Department of Pediatrics, Shinshu University School of Medicine, Asahi, Matsumoto, Japan.
Leuk Res. 2011 Dec;35(12):1578-84. doi: 10.1016/j.leukres.2011.06.027. Epub 2011 Jul 23.
Among 9 children with myelodysplastic syndrome (MDS) and 18 children with juvenile myelomonocytic leukemia, one MDS patient with der(5;17)(p10;q10) exhibited deletion of the TP53 gene in one allele and mutation (410 T>A) in the other allele in myeloid and erythroid cells.
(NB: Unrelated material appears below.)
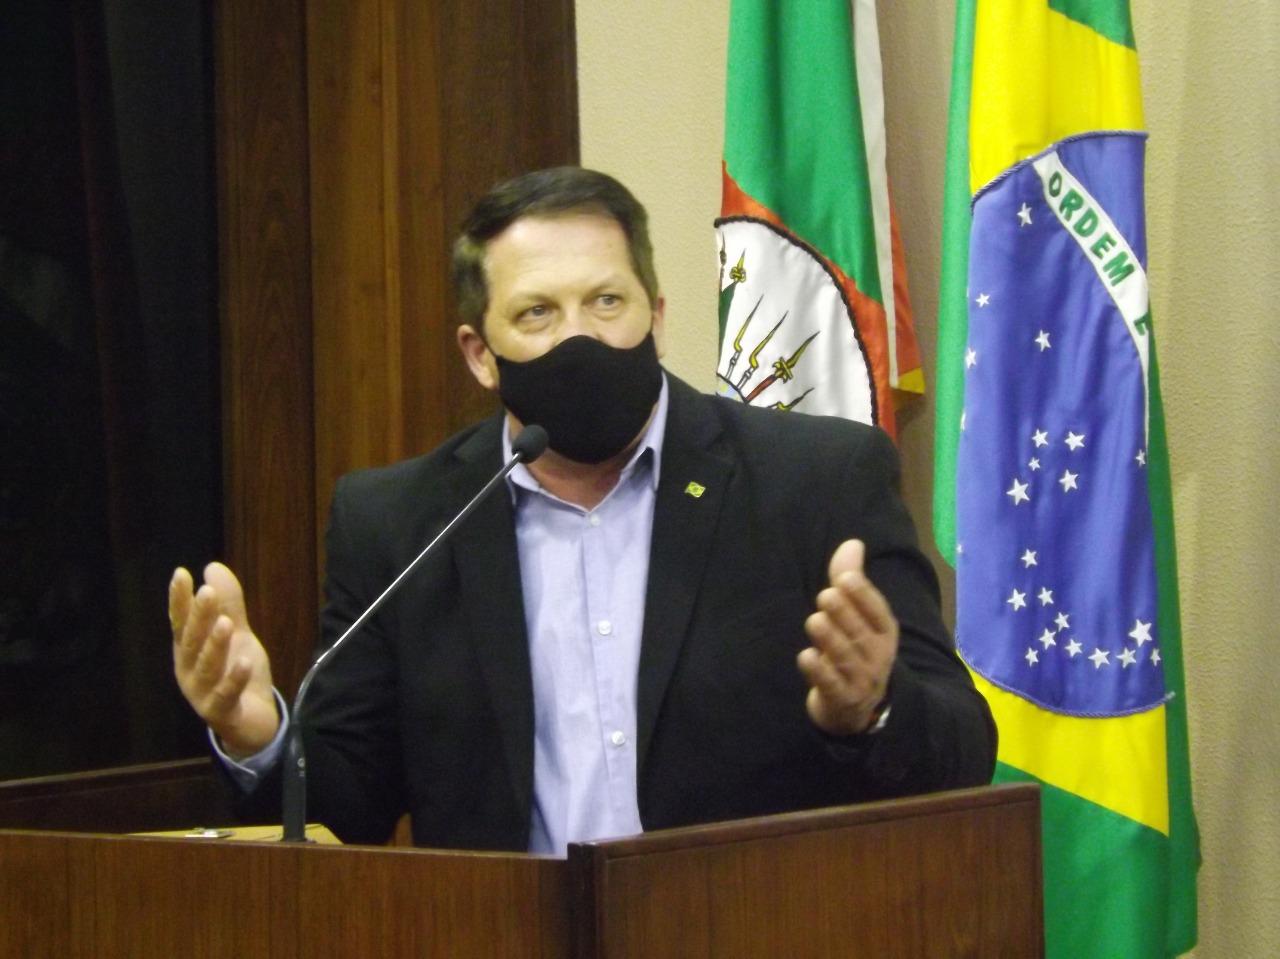 Fantinel repudia ação da UCS na visita de Bolsonaro a Caxias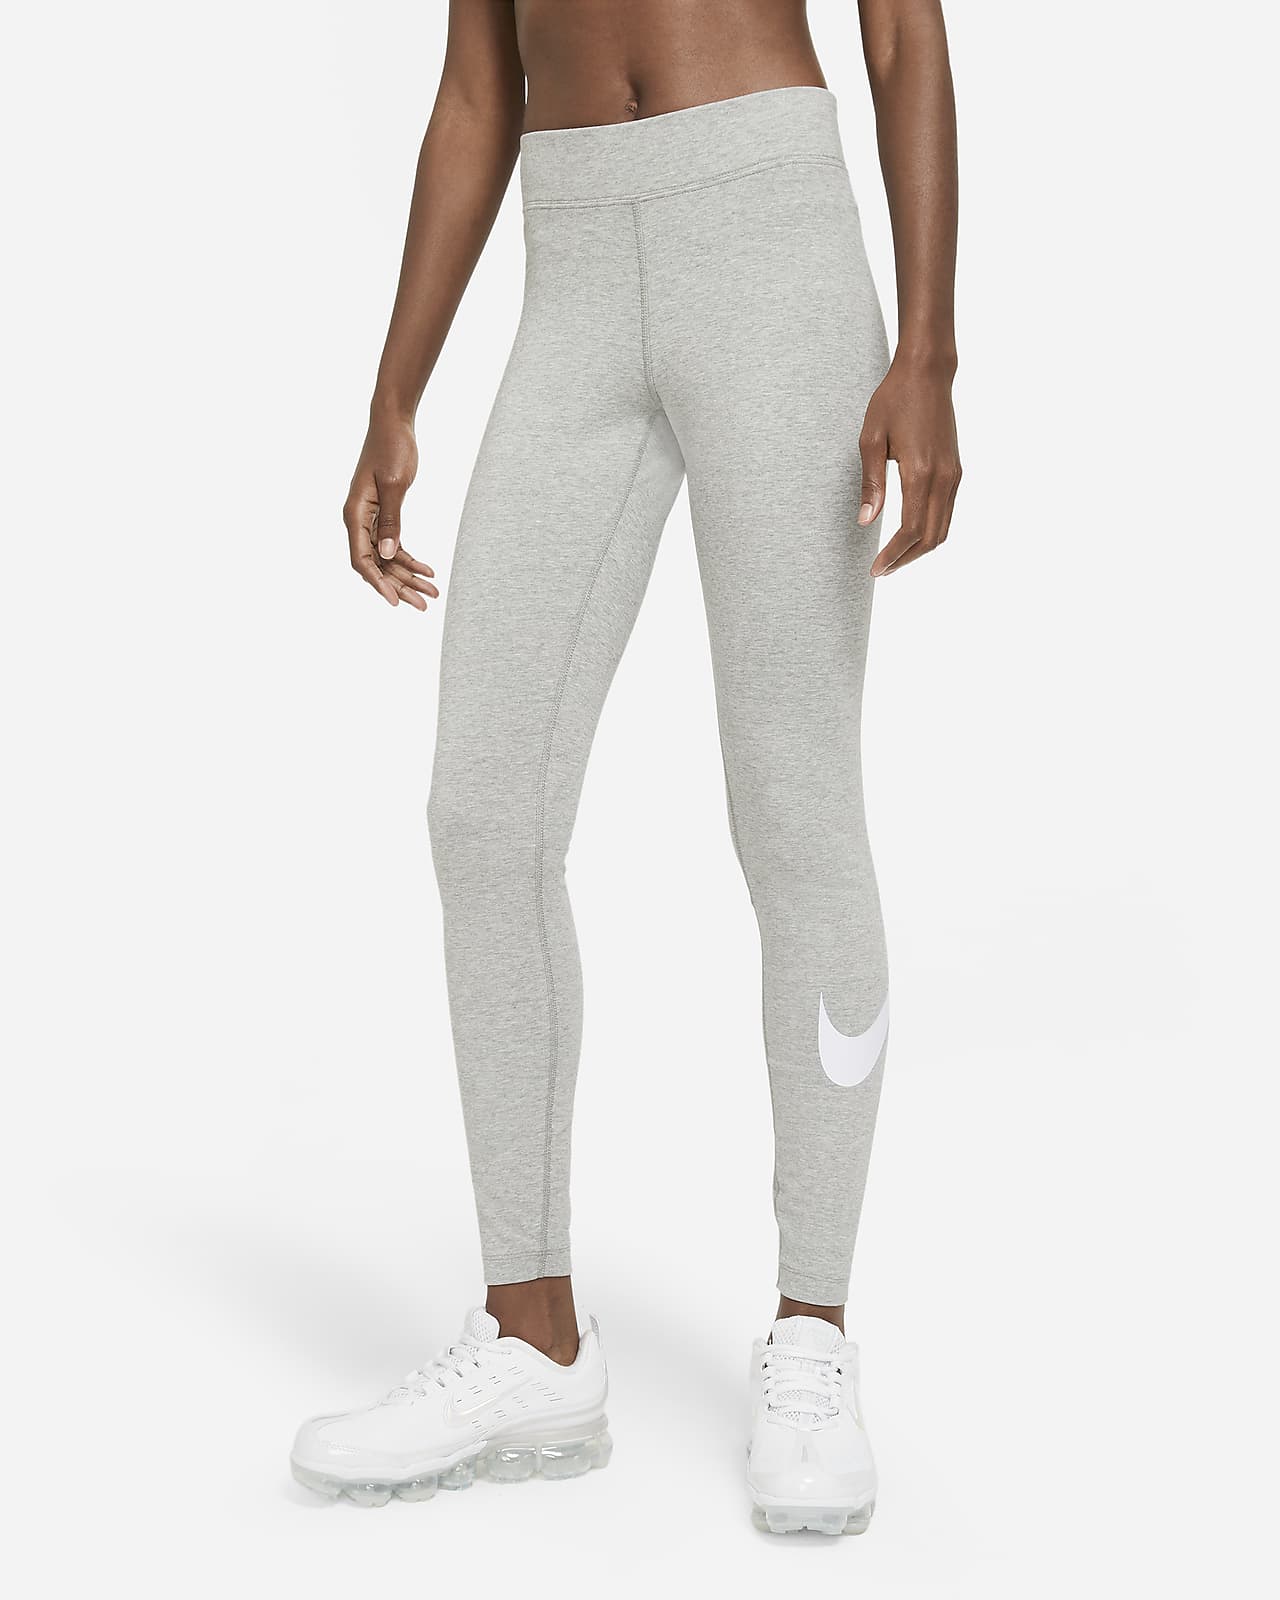 Dámské legíny Nike Sportswear Essential Swoosh se středně vysokým pasem

Since the mutation was not detected in peripheral blood leukocytes 9 months before the diagnosis, biallelic somatic inactivation of the TP53 gene might play an important role in the occurrence of MDS. His poor outcome might be associated with resistance to chemotherapy/radiation of a minor clone with both TP53 gene alteration and MLL duplication that already existed at onset.
在 9 例骨髓增生异常综合征(MDS)患儿和 18 例幼年型粒单核细胞白血病患儿中,1 例 MDS 患者在髓系和红系细胞中一条等位基因上出现 TP53 基因缺失,另一条等位基因上出现突变(410T>A)。由于该突变在诊断前 9 个月未在外周血白细胞中检测到,因此 TP53 基因的双等位体细胞失活可能在 MDS 的发生中起重要作用。他的不良预后可能与化疗/放疗耐药有关,该患者在发病时就存在同时具有 TP53 基因突变和 MLL 重复的小克隆。